Piotr Rybak
Piotr Rybak has almost 15 years of experience in machine learning. He has gained experience working in academia, start-ups, and larger companies. Currently, he focuses on using computer vision to recognize LEGO bricks. He is an active member of the Polish language models community and has co-authored works such as the KLEJ benchmark and the HerBERT and plT5 models. In his free time, he builds with LEGO bricks.
Session
With the rise of foundation models and zero-shot segmentation, it sometimes feels like fine-tuning classic object detection models is outdated. But is it? There are over 90 000 different LEGO bricks produced in almost 200 colors, and a single photo can easily contain hundreds of bricks. This makes LEGO recognition a perfect stress test for both traditional object detectors and the latest generation of vision models.

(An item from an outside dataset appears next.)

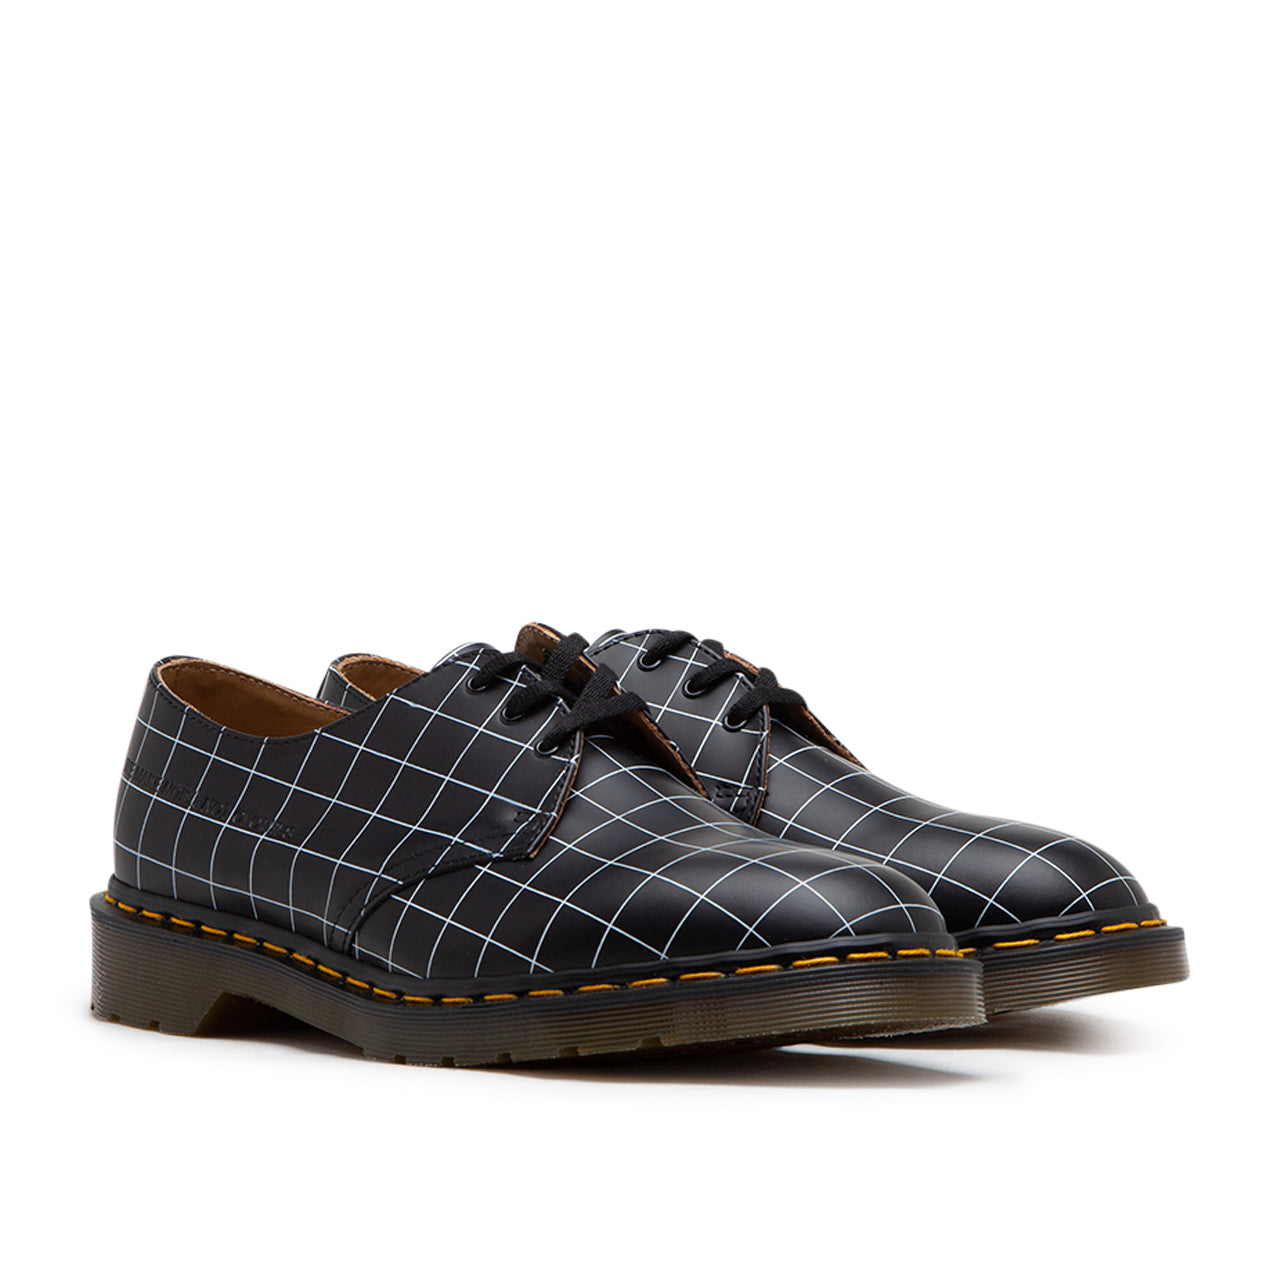 Dr. Martens x Undercover 1461 Check Smooth (Schwarz)  - Allike Store

During this talk, I will walk you through a practical comparison of approaches to LEGO brick detection. I will start with the classic object detection pipeline: dataset creation, annotation, and training with models like NanoDet and RF-DETR. Then, I will put these detectors up against zero-shot approaches: SAM 3 (Segment Anything Model 3), and vision language models, both closed-source APIs like Gemini and open-source alternatives like Qwen-VL. Along the way, I will share the pitfalls, surprising results, and lessons learned, including cases where a fine-tuned lightweight detector still outperforms models orders of magnitude larger.